El tráfico incesante, la conversación sin sentido que tiene la señora de voz estridente en la mesa de al lado, la música que se cuela de los auriculares de la chica sentada en la sala de espera, el muchacho que pasa decenas de tiktoks en el tren sin auriculares, el perro que no deja de ladrar en toda la noche, la canilla que pierde, la heladera que parece despertarse y dormirse intermitentemente, una televisión encendida en un departamento vecino, los dedos de la recepcionista golpeando sobre el escritorio con largas uñas esculpidas (desde el meñique hasta el índice en eterna repetición) mientras espera que la máquina le devuelva alguna respuesta.
Los bocinazos en las esquinas, el último tren que pasa antes de la medianoche y el repiqueteo de mis propios dedos contra las teclas de esta computadora. Huir de todos esos sonidos, ir apagándolos uno a uno. Eso.
Para algunos, la búsqueda del silencio equivale a perderse en un desierto yermo en un día sin viento, acostarse sobre las dunas y escuchar la nada. Para otros, huir a un lago quieto como el aceite y flotar sobre una colchoneta gigante con el sol en la cara y los ojos cerrados.
Marco, polo. Tierra. Nadie. Me hundo debajo del agua mientras todos los chicos corren y se zambullen escapando del que tiene los ojos cerrados y está listo para atraparnos. Yo estoy en el agua y para escapar, decidido hundirme. Larga bocanada de aire y a descender. En cuanto mis oídos cruzan el límite de la superficie, los ruidos se deforman en un extraño silencio. Se apagan los gritos de excitación alrededor de la pileta y de repente solo escucho mis exhalaciones y las burbujas que salen de mi boca y mi nariz. Después, cuando ya no queda casi aire, nada. O eso creo. De chica solía hacer lo mismo en la bañadera. Hundirme aguantando la respiración y ahogando los ruidos de la casa, por segundos que parecían eternos. Ese siempre fue mi silencio preferido.
Ahora bien, ¿son auténticos esos silencios? El desierto parece callado, aunque en cuestión de minutos pasaríamos a escuchar nuestras propias pisadas levantando la arena o nuestra respiración más agitada por el esfuerzo. El agua del lago, no importa cuán quieta, golpeará sobre los bordes de la colchoneta aun cuando esta flote casi inmóvil, y habrá pájaros o tal vez un poco de viento que haga mover las hojas de los árboles. El agua misma, pegará apenas sobre las rocas y piedras de la costa y todo estará tan aparentemente silencioso que podremos oír eso también.

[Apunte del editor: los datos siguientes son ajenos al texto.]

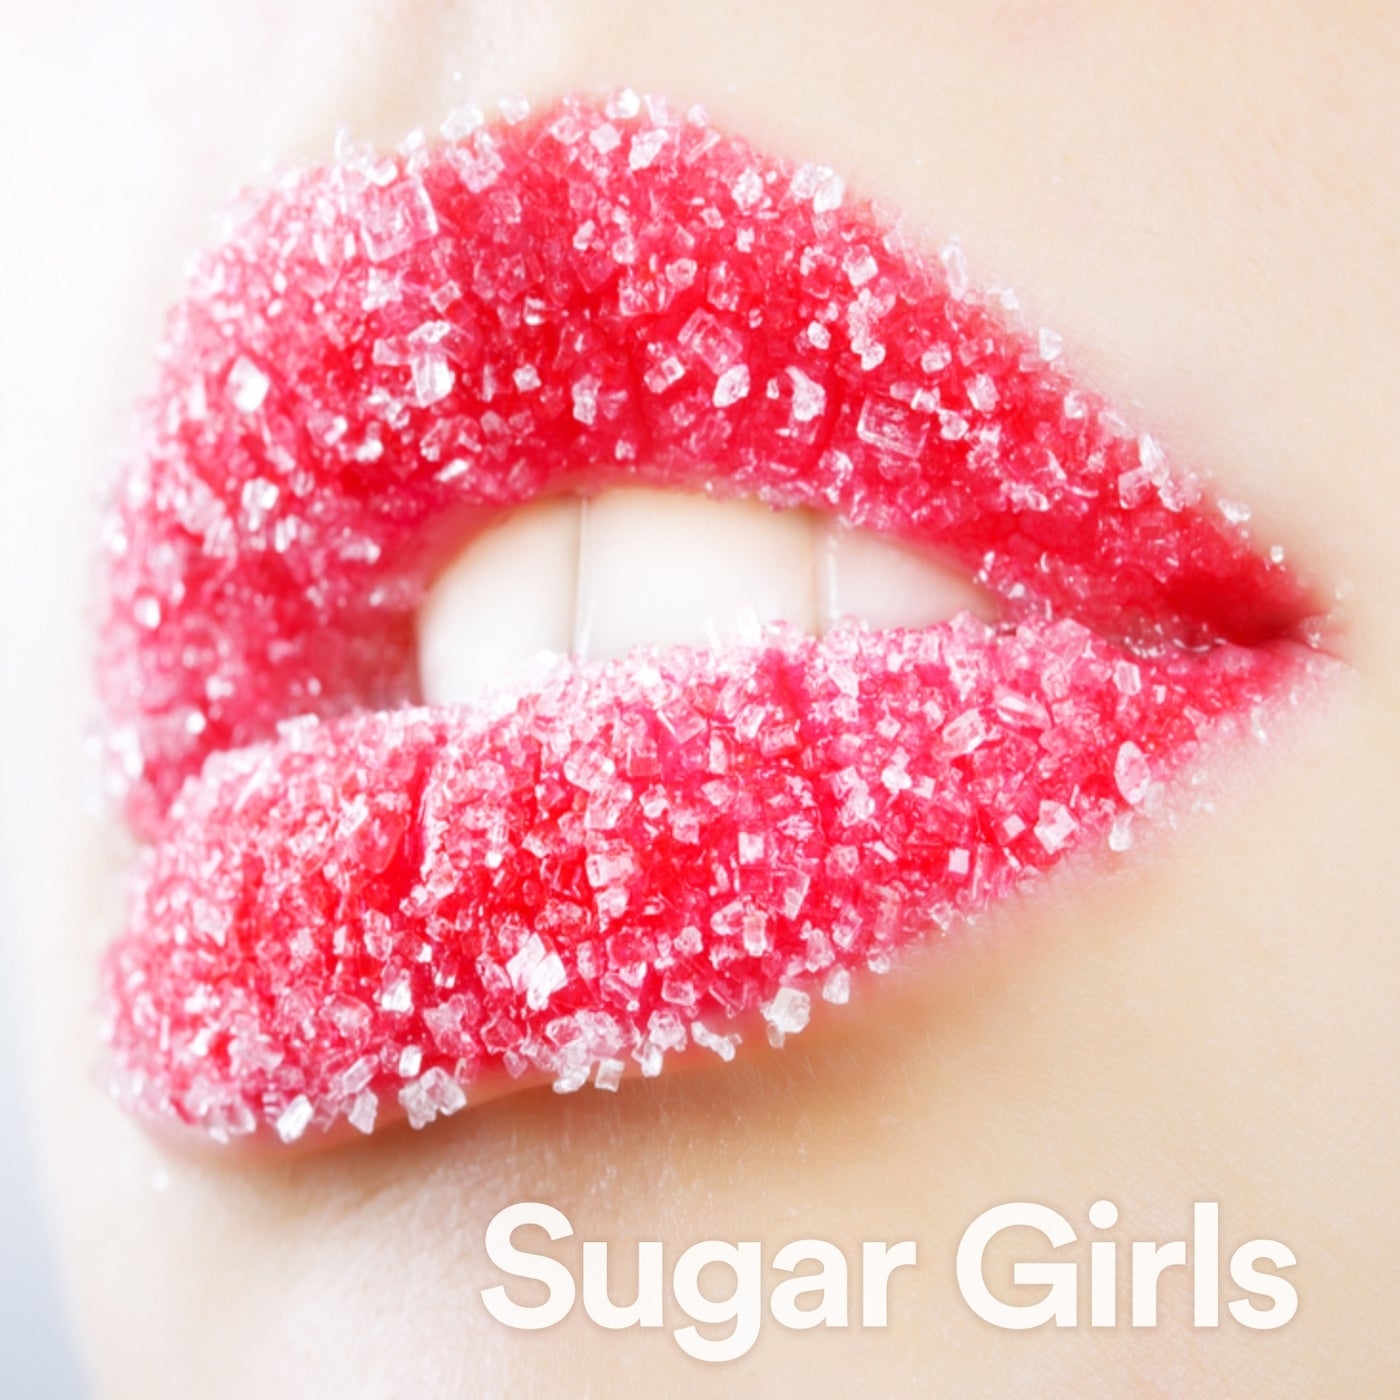 Sugar Girls (Indie Sweet Voices)

Un físico afirmaría que el “silencio absoluto” no existe. El nivel de sonido más bajo en el mundo natural es el de las partículas que se mueven a través de un gas o un líquido y hasta tiene un nombre: movimiento browniano. Pero las empresas de tecnología y los científicos han intentado superar esto creando salas insonorizadas conocidas como cámaras anecoicas, salas diseñadas para apagar cualquier atisbo acústico. Allí, el sonido de fondo llega a medirse en decibeles negativos, es decir que está por debajo del umbral del oído humano.
A diferencia de lo que muchos podrían pensar, el lugar más silencioso del mundo no es una cueva en las profundidades de la tierra ni un lago calmo al atardecer rodeado de liquidámbares y pinos. El lugar más silencioso del mundo no es particularmente bello, a menos que alguien considere toneladas de concreto apiladas y paredes con pisos y techos cubiertos de fibra de vidrio en colores marrones algo atractivo.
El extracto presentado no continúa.